Reply Sat 3 Apr, 2004 04:16 pm
URL: http://www.abqjournal.com/biz/159977business04-03-04.htm
Saturday, April 3, 2004
Lab Scientist Has the Best of Both Worlds
By Andrew Webb, Albuquerque Journal Staff Writer

Look out, Vern Raburn.

An Albuquerque air acrobat and lab scientist is thinking about giving you a run for your money in the Very Light Jet business.

Bob Carlton, who runs one-man firm Silent Wing Airshows, reported Friday that he successfully test-flew a one-seat 388-pound glider powered by two 5-pound model airplane jet engines last week.

Unlike typical gliders, which require a tow from a powered airplane to get aloft, Carlton's Silent-J takes off under its own power. Then the engines are powered down and folded back into the fuselage on a custom-built pylon. They can be extended and restarted if the pilot needs to regain altitude.
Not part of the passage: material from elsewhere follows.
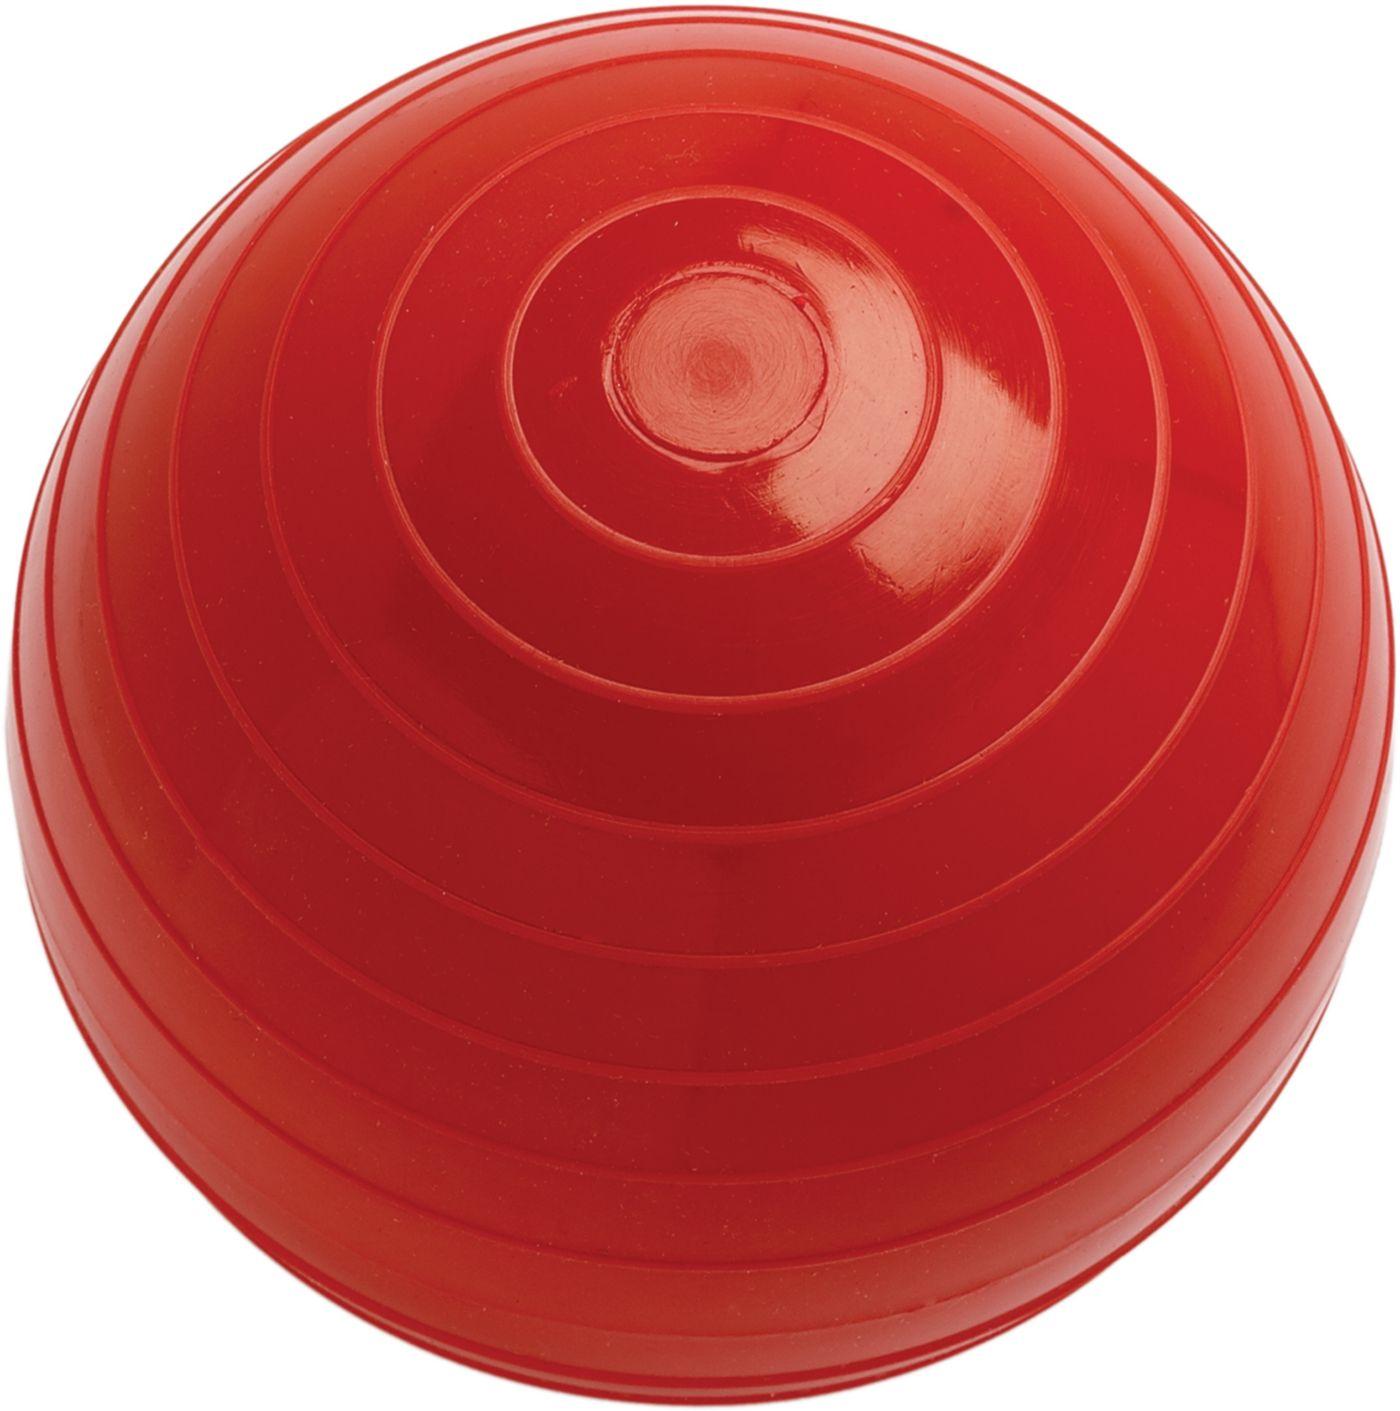 Gill 600 g Indoor Throwing Ball

Carlton says he envisions someday selling the $5,000 engines and their retracting pylon as a kit that other pilots could attach to gliders. He plans, also, to build a sleeker, smaller 1-seat jet powered by a similar model-plane engine that could cruise at 250 knots.

By comparison, the $1 million, 6-seat Eclipse 500, which is to be built in Albuquerque, weighs about 11/2 tons and cruises at about 375 knots.

"This aircraft has taken the Very Light Jet to an entirely new level," said Carlton, who, when not performing aerial stunts with gliders and powered aircraft, is a designer of rocket control system hardware at Sandia National Laboratories.

He said he decided to modify his Italian Alisport sailplane, which originally came with a much heavier piston engine that assisted the plane into the air with a propeller, "just for the novelty of it."

"Especially in the air show business, something new and different?- the idea of jets on a glider?- is something that has a certain crowd appeal," he admits.

They cost a lot less, too, he says.

The engines, which produce about 45 pounds of thrust each, have only one moving part and are very reliable, notes Jim Weigle, owner of West Virginia-based Aviation Microjet Technology, which builds small engines for everything from model aircraft to military targets and drones. They've been put on everything from bicycles to cars, Weigle said.

"It's just neat as can be," he said.

But don't ask for a refund on that Eclipse deposit just yet.

Weigle's idea, at least for now, will remain on the fringe of the personal aircraft world. He says he doesn't expect to apply for any sort of FAA certification beyond that required for single-passenger homemade and kit-built aircraft.